%%
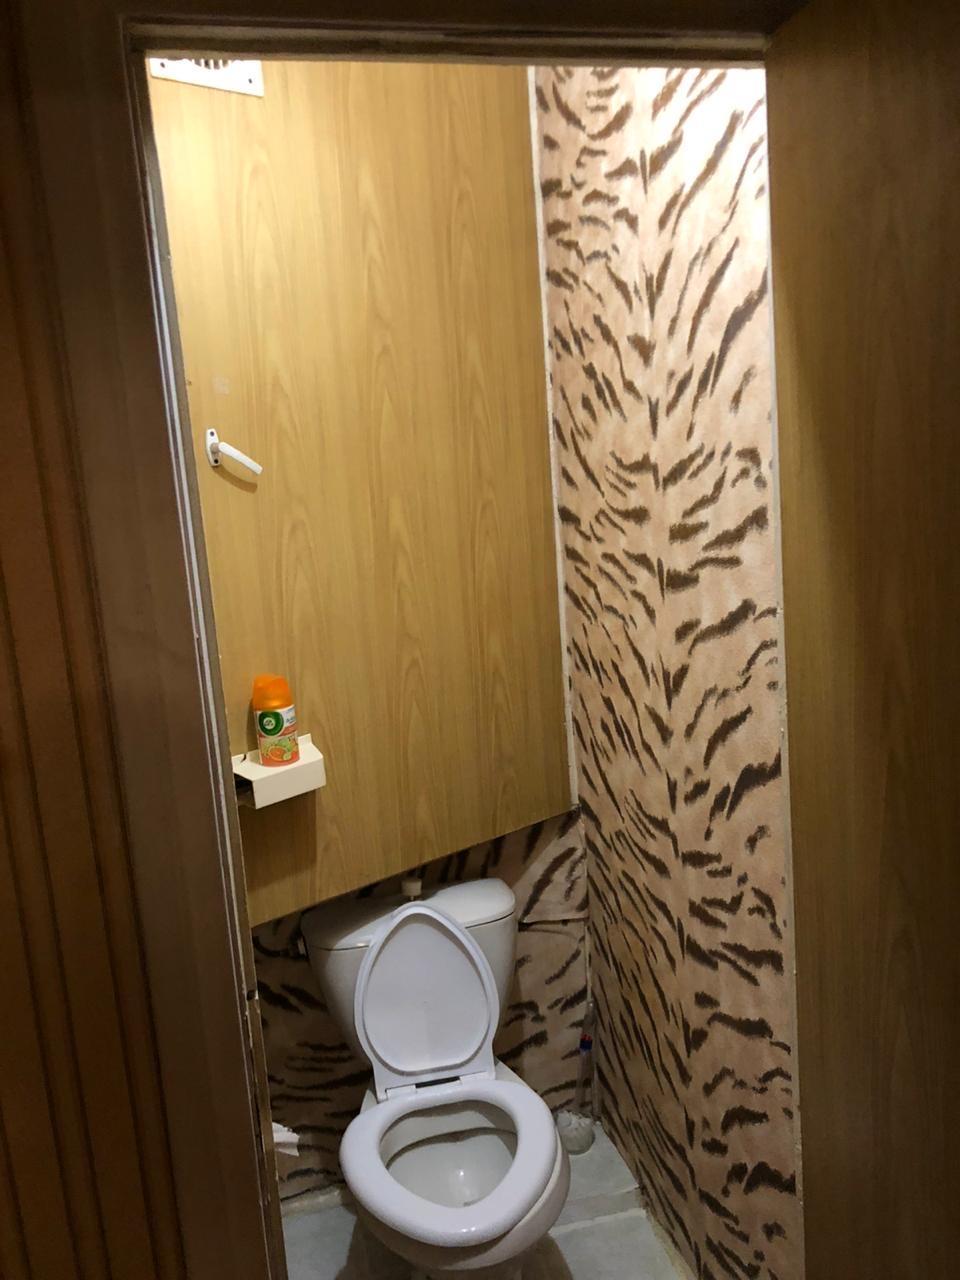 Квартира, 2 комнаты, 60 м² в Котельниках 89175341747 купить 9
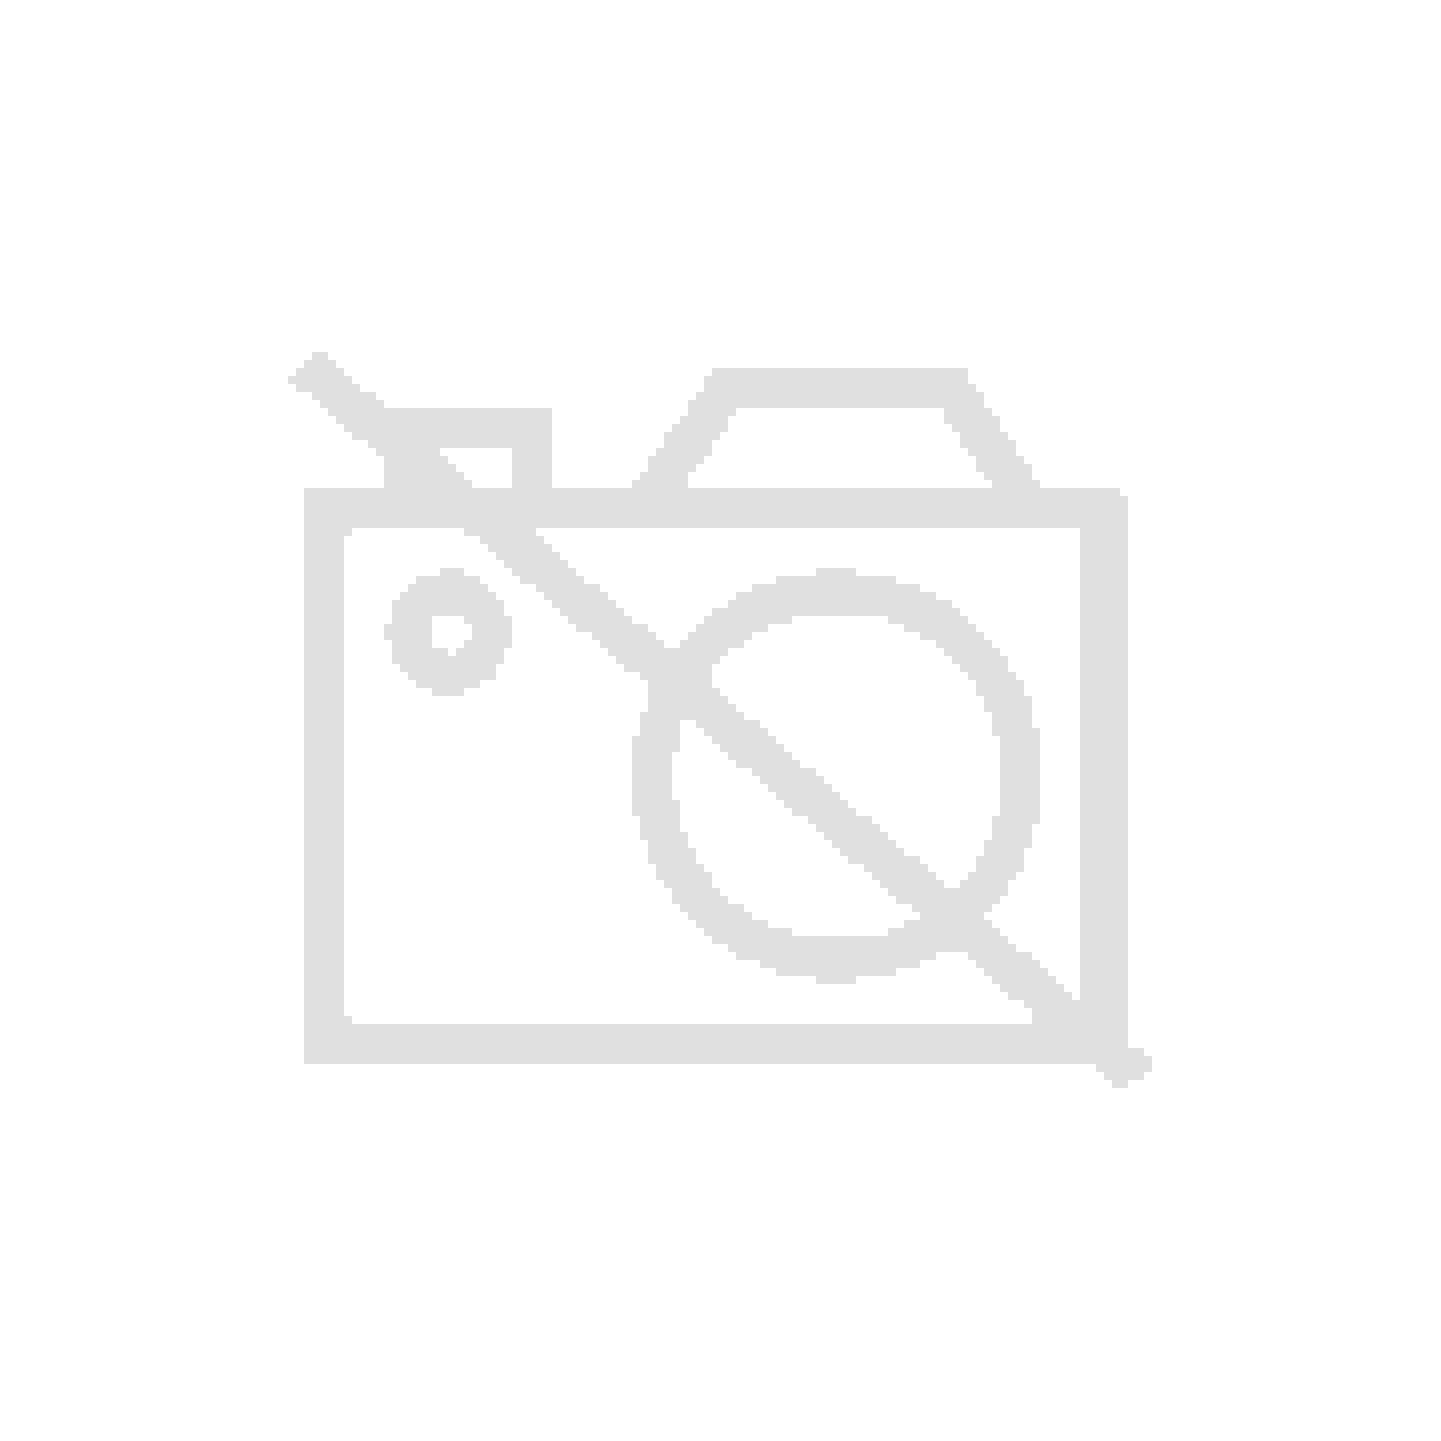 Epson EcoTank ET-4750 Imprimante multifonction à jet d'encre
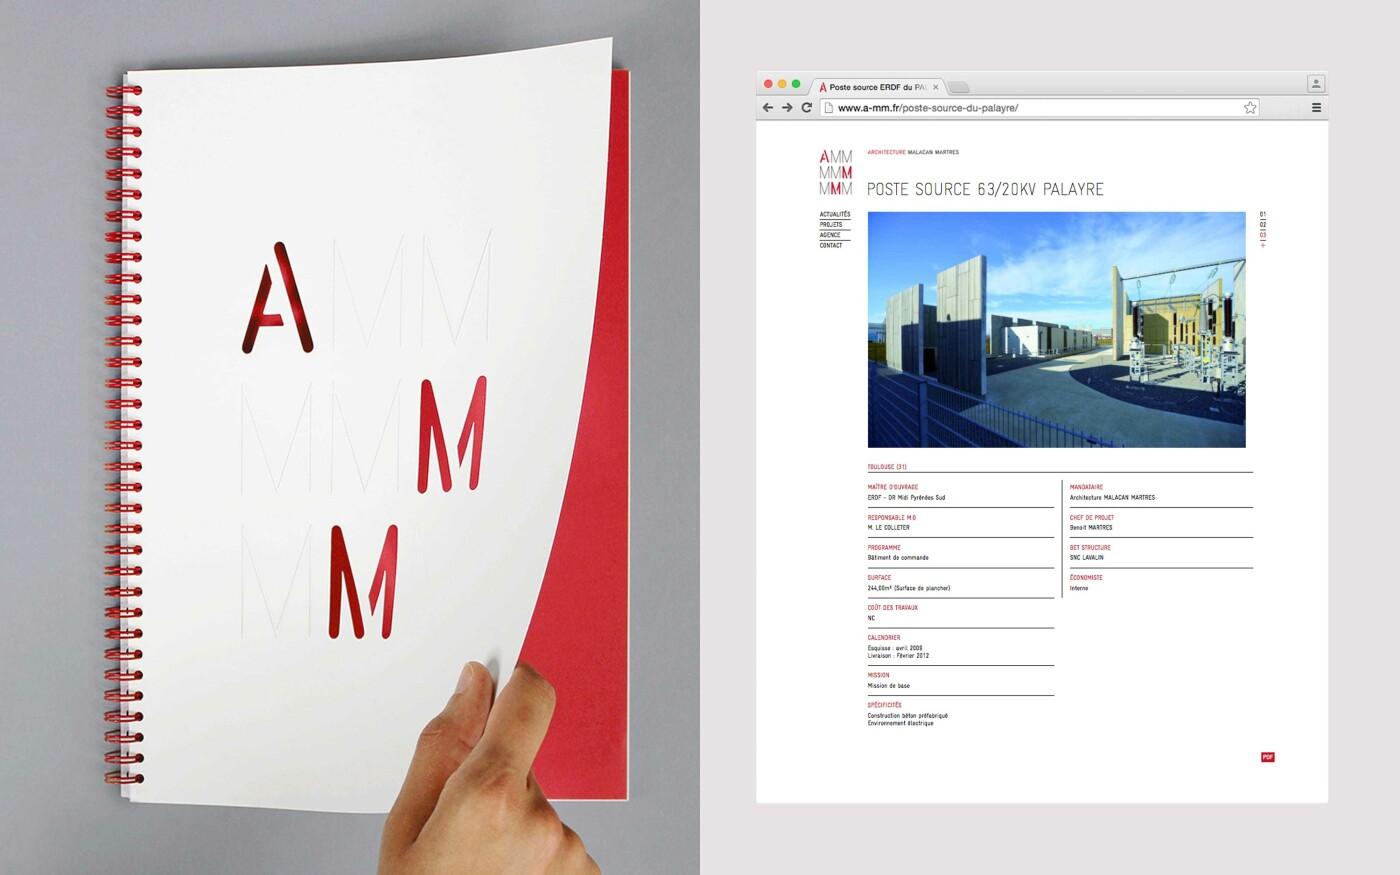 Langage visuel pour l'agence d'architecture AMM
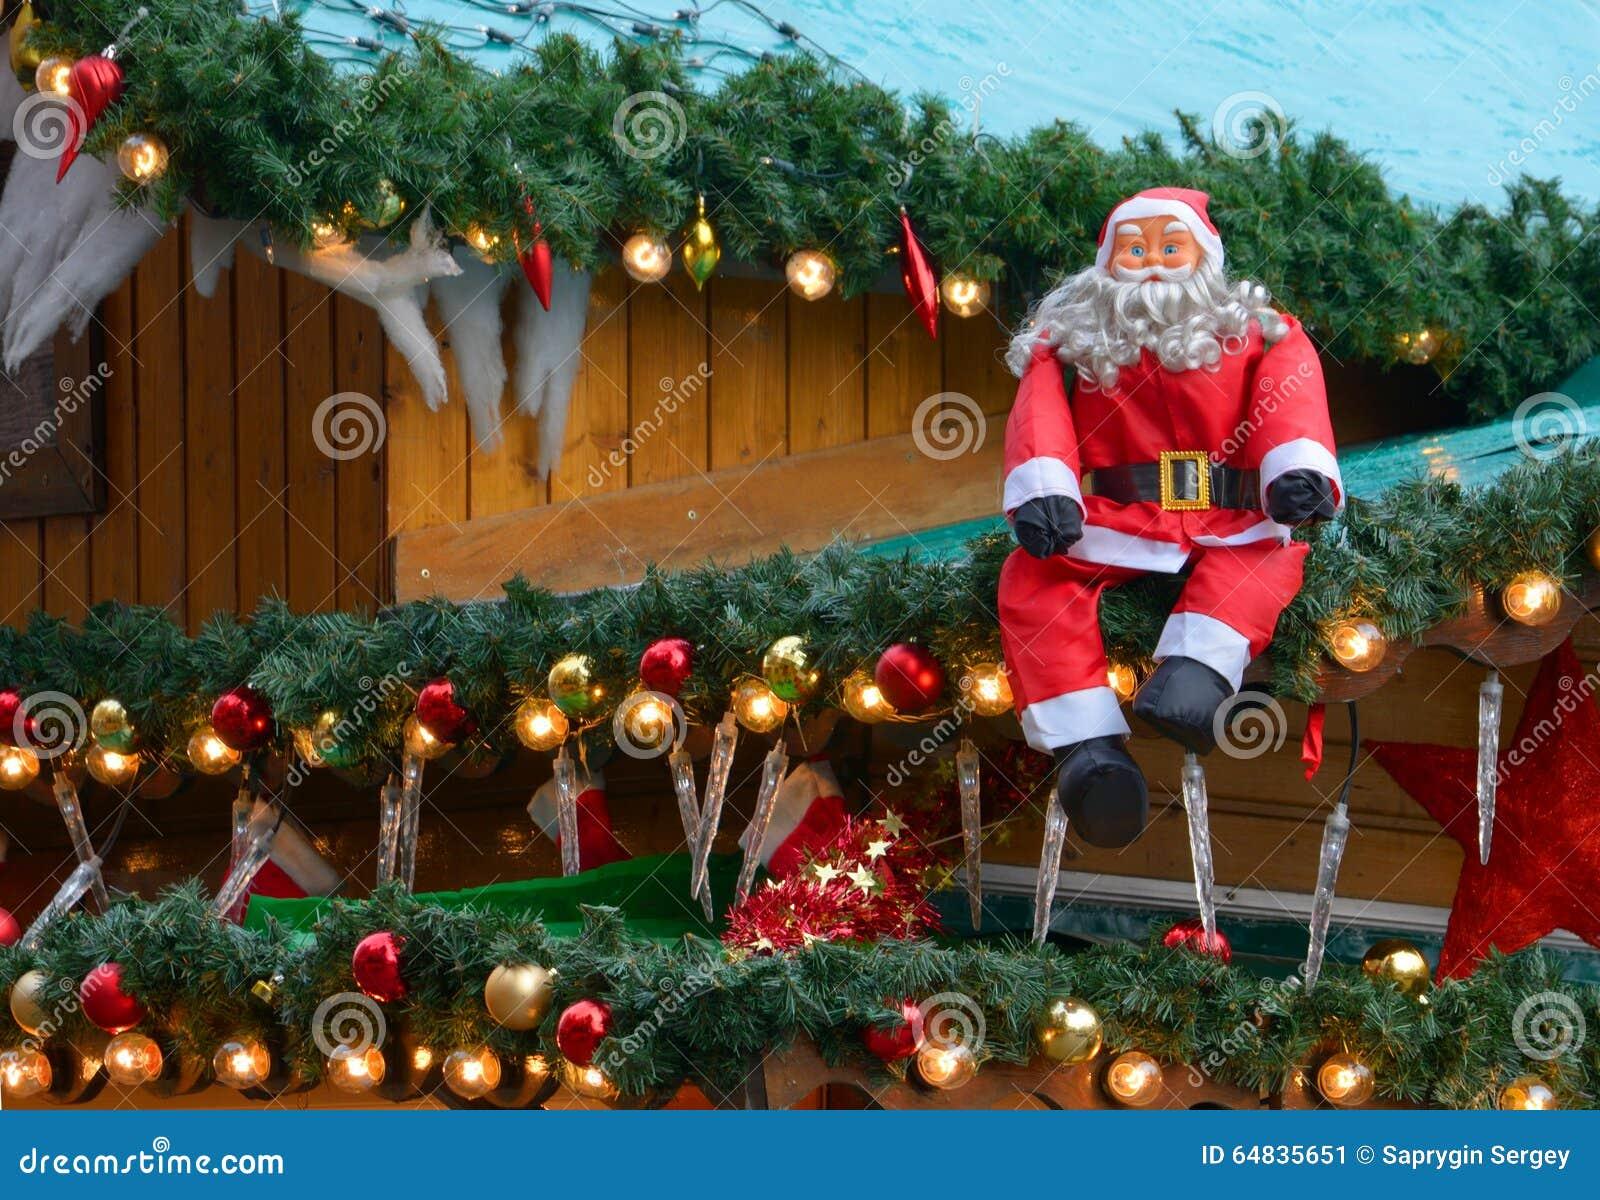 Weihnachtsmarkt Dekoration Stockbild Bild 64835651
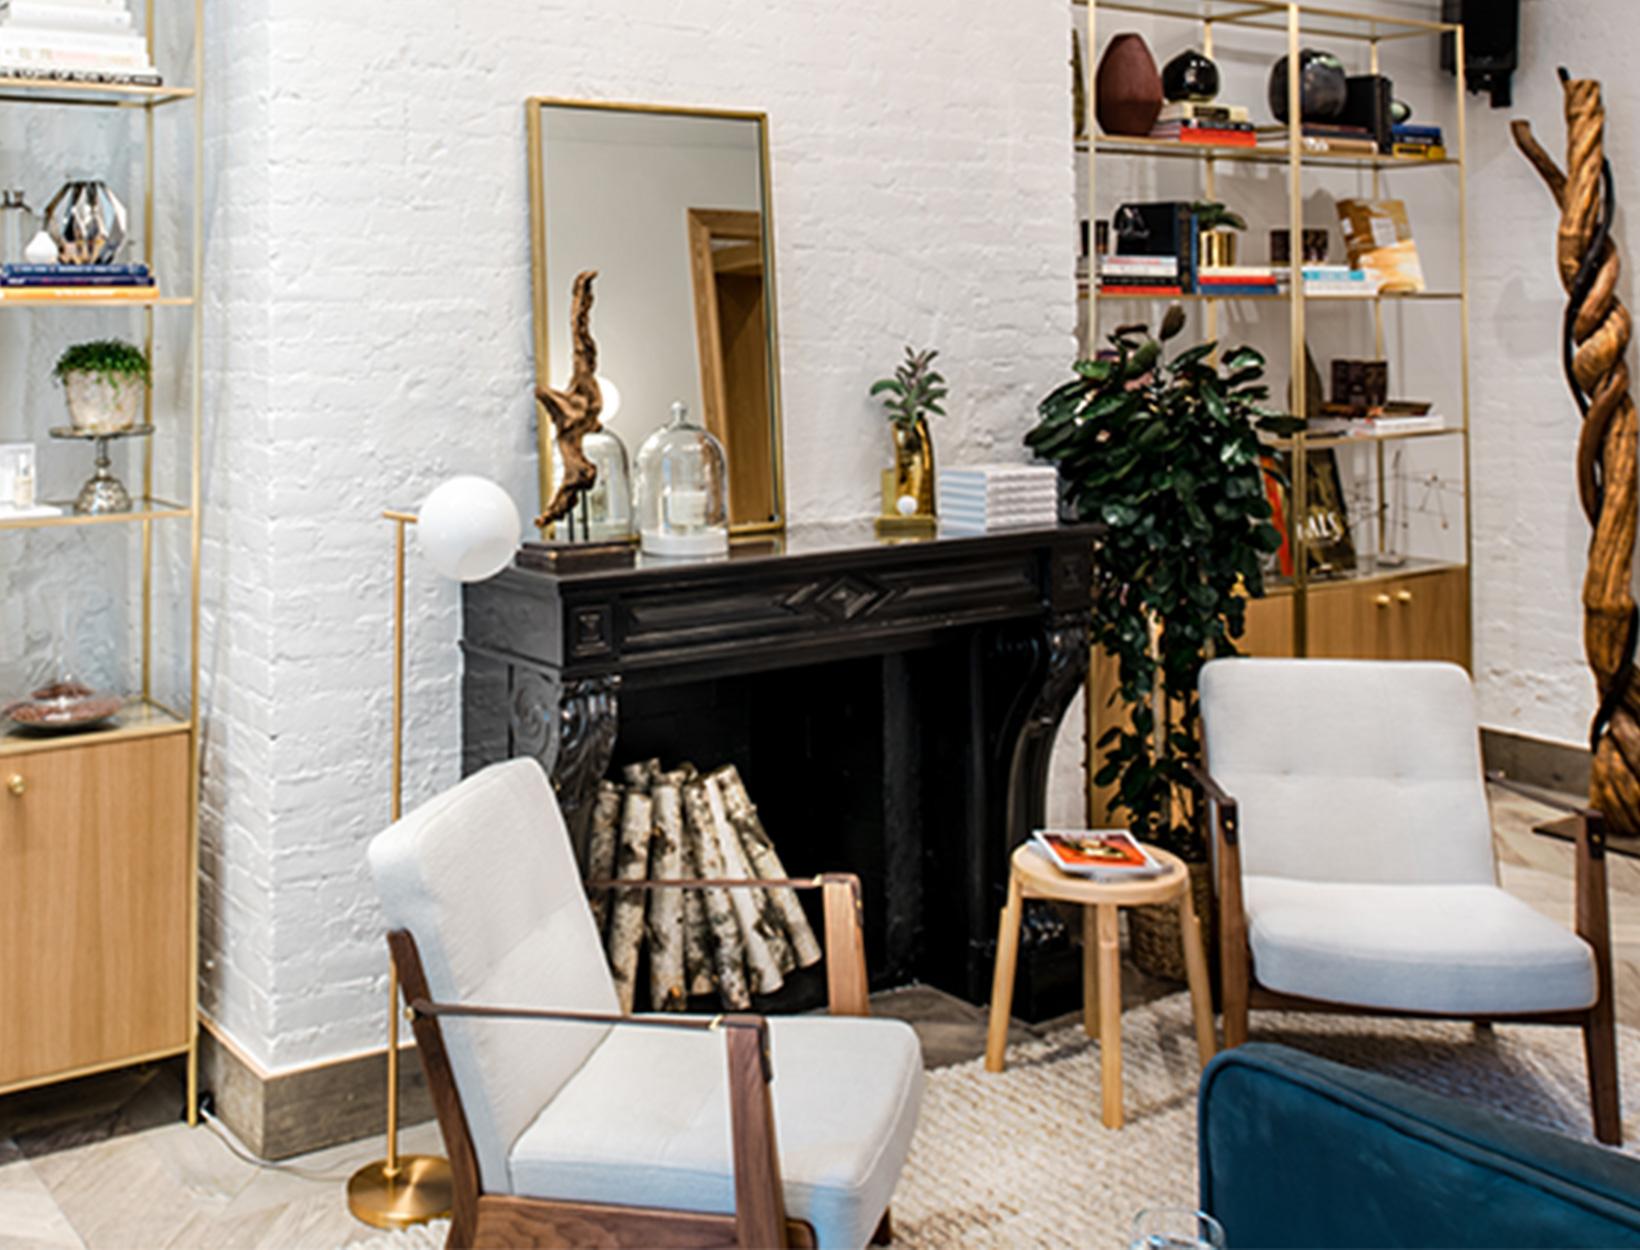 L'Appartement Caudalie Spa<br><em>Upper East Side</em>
%%
Task —
Omitting the pictures, copy each record above exactly as it stands.

Solved problem —
 Квартира, 2 комнаты, 60 м² в Котельниках 89175341747 купить 9
 Epson EcoTank ET-4750 Imprimante multifonction à jet d'encre
 Langage visuel pour l'agence d'architecture AMM
 Weihnachtsmarkt Dekoration Stockbild Bild 64835651
 L'Appartement Caudalie Spa<br><em>Upper East Side</em>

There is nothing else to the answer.